Оцепенели иверские юристы.
– «Да сбудется реченное», – воскликнул Никодим Кипарисов.
– Однако! – произнес со вздохом квартальный надзиратель.
– Теперь ступай к мировому, а не ко мне, мы больше не годимся, – иронически говорил комиссар просительнице.
– Сам, батюшка, нас рассуди! Зачем я полезу к мировому… Еще кто он такой…
– Молодой… С золотой цепью на шее сидит… Хе, хе, хе… да поверенного возьми. Деньги-то есть, что ли?
– Какие у нас, батюшка, деньги.
– Ну, уж это твое дело… Теперь там на лестнице поверенные стоят. Да ты не бойся: не от иверских – тех уж нет, – теперь все новые, хе, хе, хе.
– Кипарисыч, – говорит молодой купец иверскому юристу, прозябшему до костей у ворот московского трактира, – говорят, вашему брату последний конец пришел.
– Верно, господин коммерсант.
– Что ж, ведь замерзнешь без дела-то.
– По теории вероятностей должен замерзнуть.
– Ты бы к чему-нибудь пристроился. Говорят, еще на Хитровом рынке вашим братом не гнушаются.
– Что ж ты смеешься надо мной? Твой отец не только мной не гнушался, а когда его в яму тащили – в ногах у меня валялся. Выручи! Эх ты! Может быть, ты мне обязан, что капитал у тебя есть. Погоди, вспомнишь и нас! Мы самим богом были устроены для вашего купеческого нрава, а с новыми вам придется побарахтаться. Dixi!.[14]14
Я сказал (лат.).
[Закрыть]
– Это насчет чего?
– А насчет того, что ты, немилосердный человек, смеешься над умирающим.
И комиссары московские перемерли, и кипарисычи, и все члены иверской консультации отошли в вечность, но на почве, которую они возделывали и удобряли и на которой в былые времена произрастало «крапивное семя», – прозябло новое растение, не значившееся прежде в юридической ботанике и названное при своем появлении «аблокатом».[15]15
Аблокат – искаженное «адвокат».
[Закрыть]
Аблокат не имеет ничего общего с людьми, аккредитованными судом и институтом присяжных поверенных.
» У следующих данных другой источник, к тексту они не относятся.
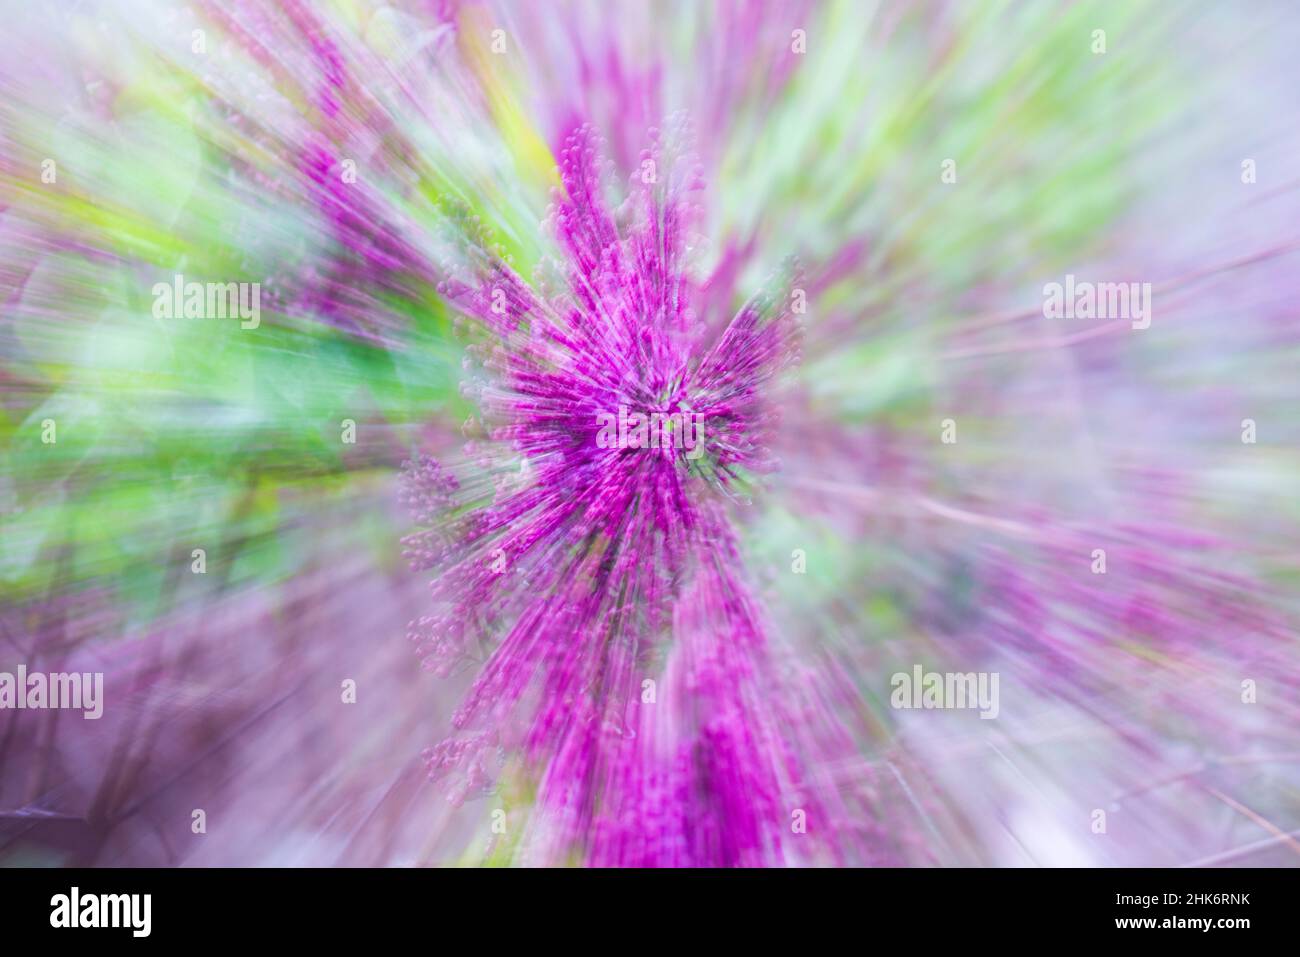 Fiori lilla, raffigurati con tecnica zoom Foto Stock

Он торгует без патента. Между ними есть незрелые шантажисты, деяния которых не предусмотрены законом, но деяния эти заставили бы содрогнуться иверскогс юриста.
Об этих общественных деятелях впереди мое слово.
II
Широкие натуры
Немилосердный коммерсант, смеявшийся над умирающим иверским юристом Никодимом Кипарисовым, принадлежал к широким купеческим натурам.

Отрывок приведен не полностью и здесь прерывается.